La tuerie de Charlottesville pose, dans un contexte singulier depuis l'élection de Donald Trump, de nombreuses questions morales et politiques quant au traitement des groupes néo-nazis et suprémacistes sur le web. De nombreuses plateformes se tournent vers une approche radicale, proche de celle qu'elles adoptent avec les cellules djihadistes.

Avant même que la manifestation de Charlottesville débute, le web se posait déjà des questions sur l’acceptation ou non des groupes néonazis sur différentes plateformes.

Nous écrivions par exemple qu’Airbnb a exclu, avant la tenue de la rencontre raciste, tous les membres liés à l’événement. La startup argumentait alors qu’elle ne voulait pas exposer ses hôtes à des visiteurs ne respectant pas sa charte de vivre ensemble. Et malgré les critiques, Airbnb a tenu bon : les nazis ne sont plus les bienvenus chez vous.

Mais si le plus grand loueur d’appartements du monde a dû gérer ce problème avant les autres, c’est, prosaïquement, parce qu’il est tributaire de la relation qui s’installe entre ses hôtes et ses clients. Pour des plateformes comme Facebook ou Reddit, le sujet est plus lointain et plus abstrait : les nazis ne sont pas confrontés « IRL » à leurs utilisateurs, ce qui implique que leur offrir une voix au chapitre n’est pas aussi embarrassant que pour Airbnb.

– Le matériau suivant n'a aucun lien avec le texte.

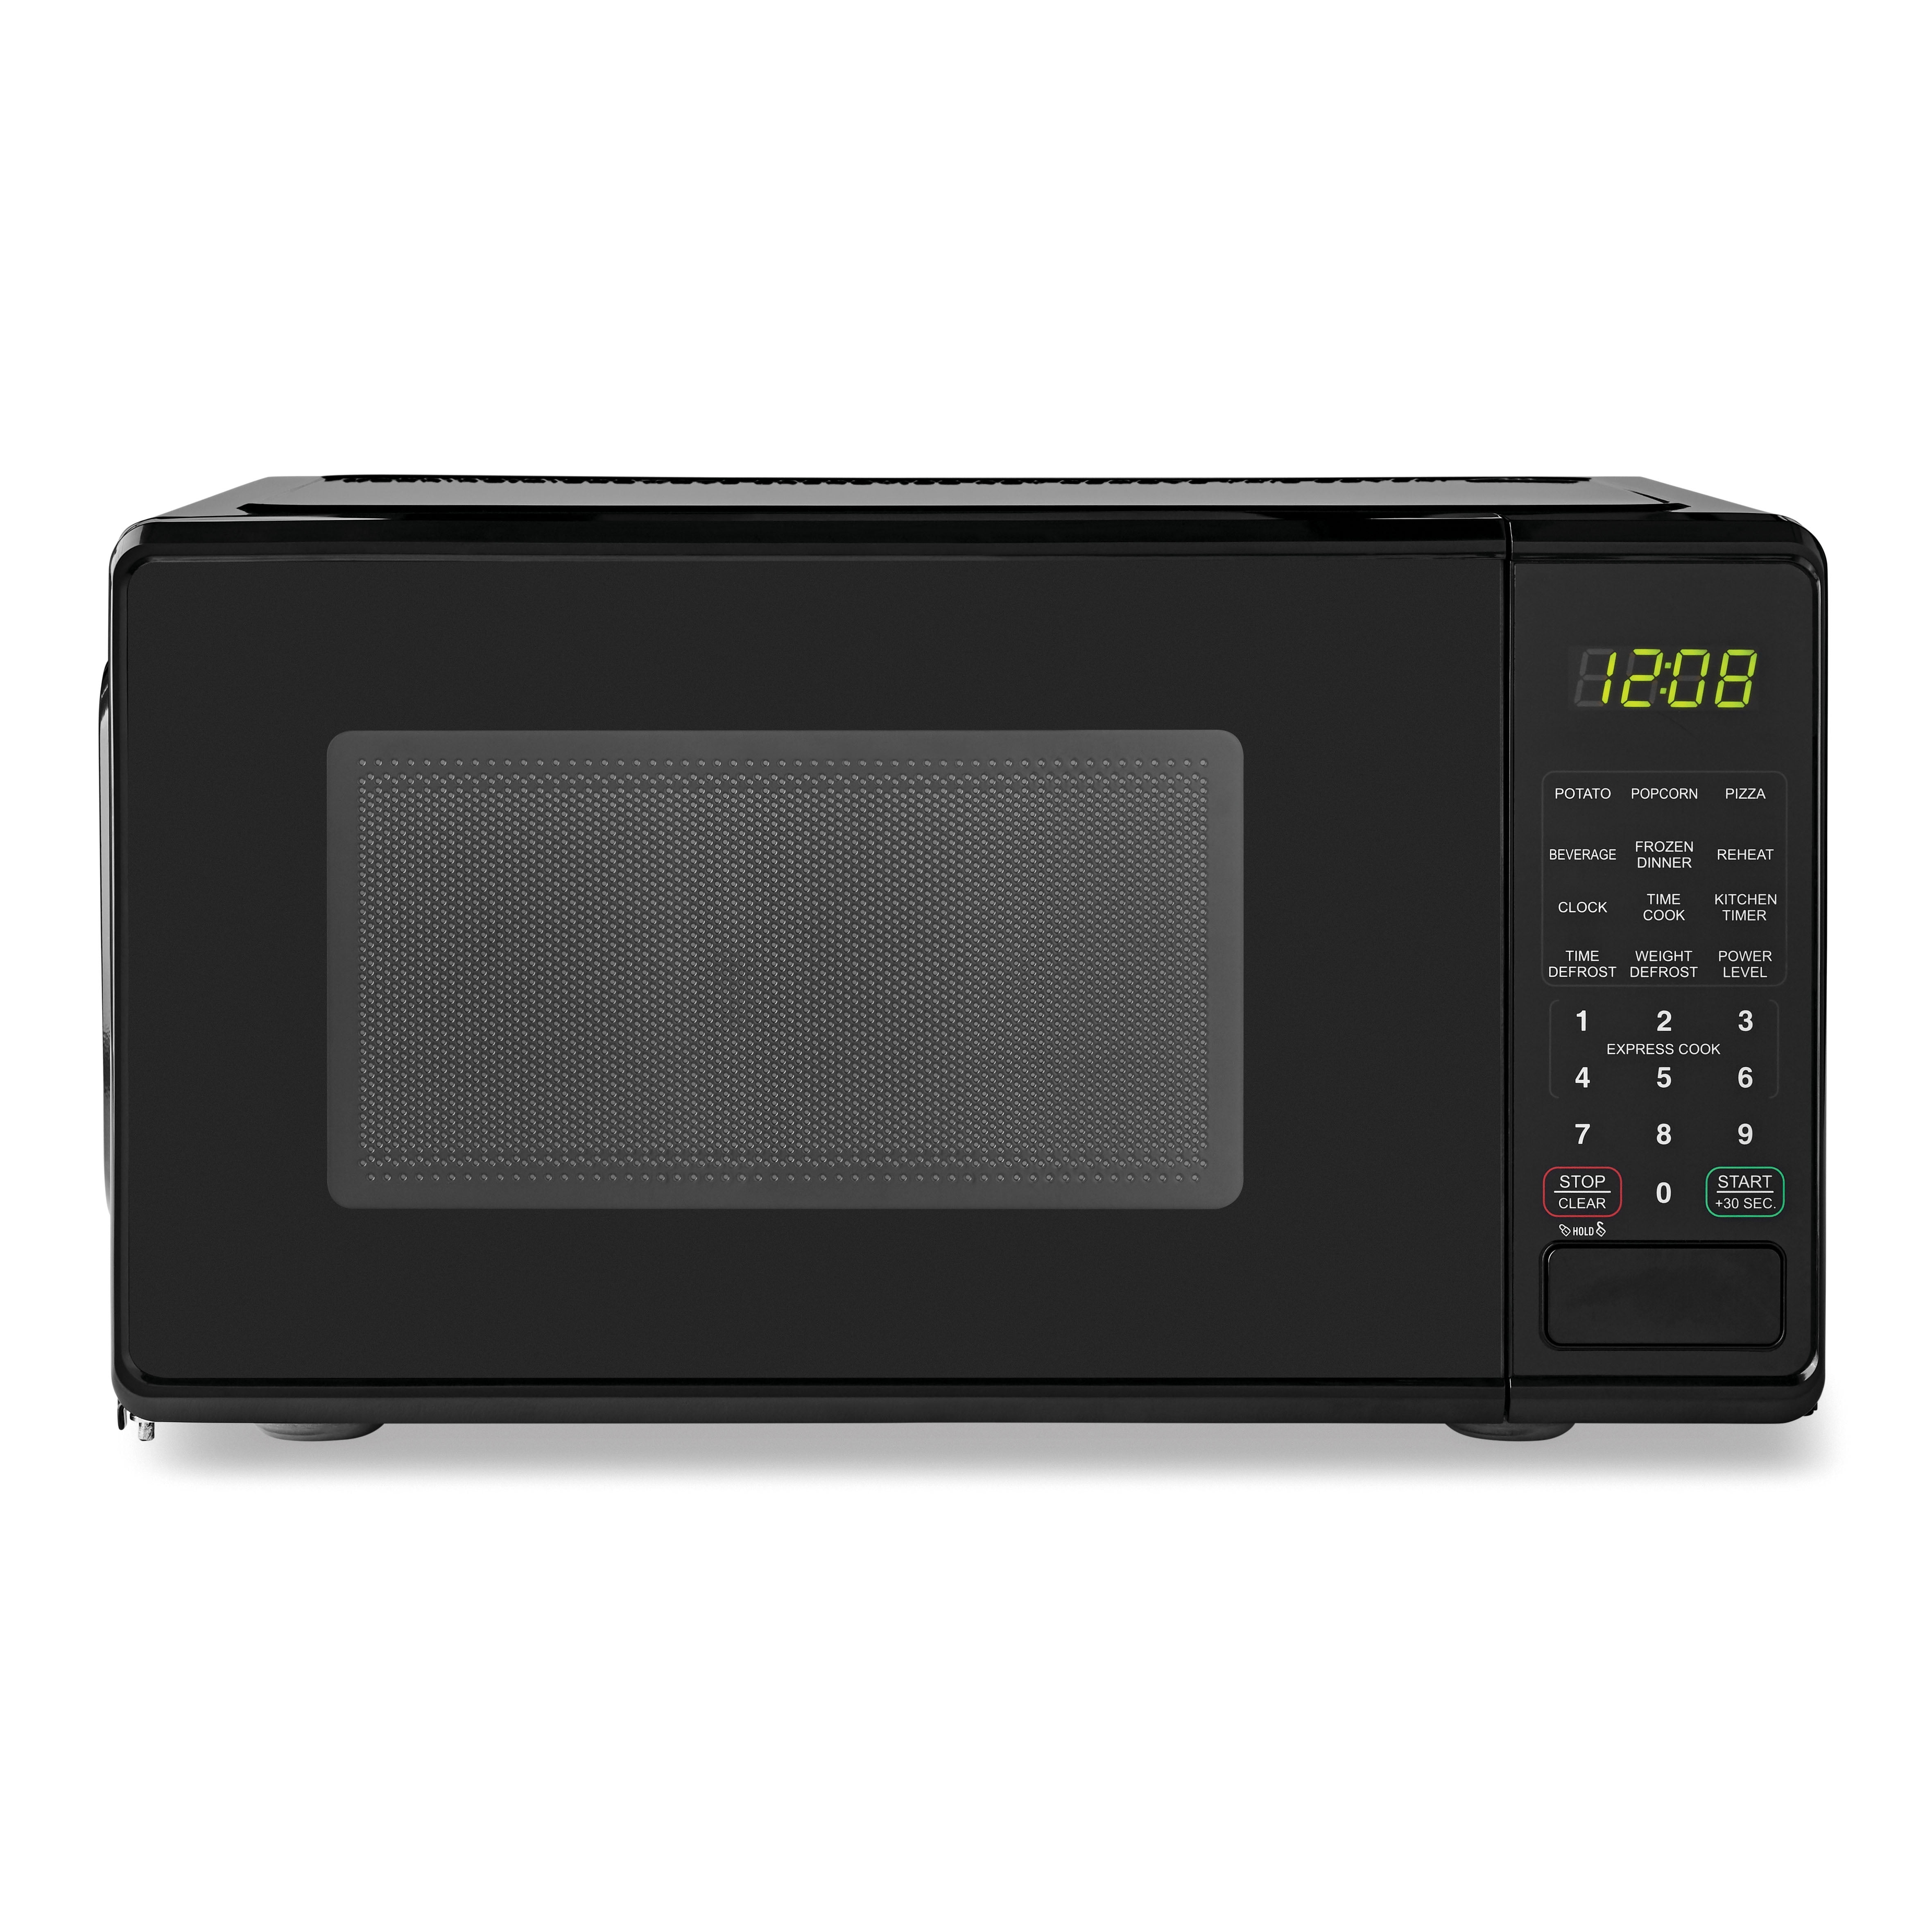 700W Microwave Oven Ft Details about   Mainstays 0.7 Cu

Mais Charlottesville pose le problème sous un angle nouveau : dès lors que ces groupes sont considérés comme meurtriers et terroristes, le précédent créé par les terroristes djihadistes imposerait de nouvelles actions contre ces groupes sur les plateformes.

Héberger des néonazis, ça vous chante ?

La réalité est plus complexe. Si certains ont pris l’affaire de Virginie en exemple pour se montrer plus durs, un relativisme persiste. La première compagnie à avoir pris une décision forte a été GoDaddy, un hébergeur américain qui comptait parmi ses clients le Daily Stormer, publication américaine raciste venue en soutien à Charlottesville.

L’hébergeur a donné 24 heures au site néonazi pour trouver un nouvel hôte. Constatant un manquement à ses conditions d’utilisation, la société a mis sa menace à exécution. Le site qui publiait un article immonde sur Heather Heyer, militante de 32 ans tuée par un jeune nazi, a également été boudé par Google. La firme a refusé l’enregistrement sur Google Domains du site venu soutenir les terroristes suprémacistes. En conséquence, le Daily Stormer a fait ses valises pour s’aventurer dans les profondeurs du dark web où ses lecteurs devront utiliser Tor pour lire des horreurs.

Les réseaux sociaux ne sont pas en reste non plus : Facebook et Reddit revendiquent la suppression de « groupes de la haine ». À CNet, Reddit explique ainsi avoir enfin supprimé le sujet /r/Physical_Removal qui comme son nom l’indique était réservé à l’incitation au meurtre. Les membres de cette sous-section avaient notamment appelé à la mort de toutes les personnes liées à CNN (sic) et certains sujets allaient jusqu’à reprendre la défense de la solution finale du IIIe Reich. Reddit héberge de nombreuses sous-sections considérées comme néonazies et suprémacistes : l’opportunisme de cette décision peut interpeller, mais la société tenait là un exemple qui ne prête pas au débat.

Facebook a procédé de la même manière, en supprimant par ailleurs sa propre version de Physical Removal, mais aussi en désactivant la page de la marche d’extrême-droite, et supprimé l’ensemble des liens conduisant à l’immonde article du Daily Stormer. La société rappelle qu’elle ne tient pas ses opinions politiques pour responsable de ces suppressions, mais bien le manquement à la charte concernant les contenus du réseau social.

Il est important de remarquer que ces interventions, notamment pour GoDaddy et Reddit, ont été inspirées par des utilisateurs excédés par le laxisme des plateformes. Sur le forum Reddit, les internautes ont été jusqu’à s’organiser collectivement pour demander la suppression des appels aux meurtres à la direction du site.

Comme somme saisis dans une ambiguïté, le néonazisme et le suprémacisme sont des victimes tardives de la modération des grands du web. La maladresse de Donald Trump lorsqu’il s’agit de condamner des groupes meurtriers et haineux est finalement révélatrice du malaise conceptuel qu’il règne dans la société américaine face à l’ambivalence de ces groupes qui préfèrent se revendiquer de l’alt-right. Leur discours saupoudré de confusions quant à la liberté d’expression et de dénonciation du politiquement correct ont bien eu un effet sur l’opinion publique. Pourtant, personne ne tolérerait ces arguments pour n’importe quel autre groupe terroriste.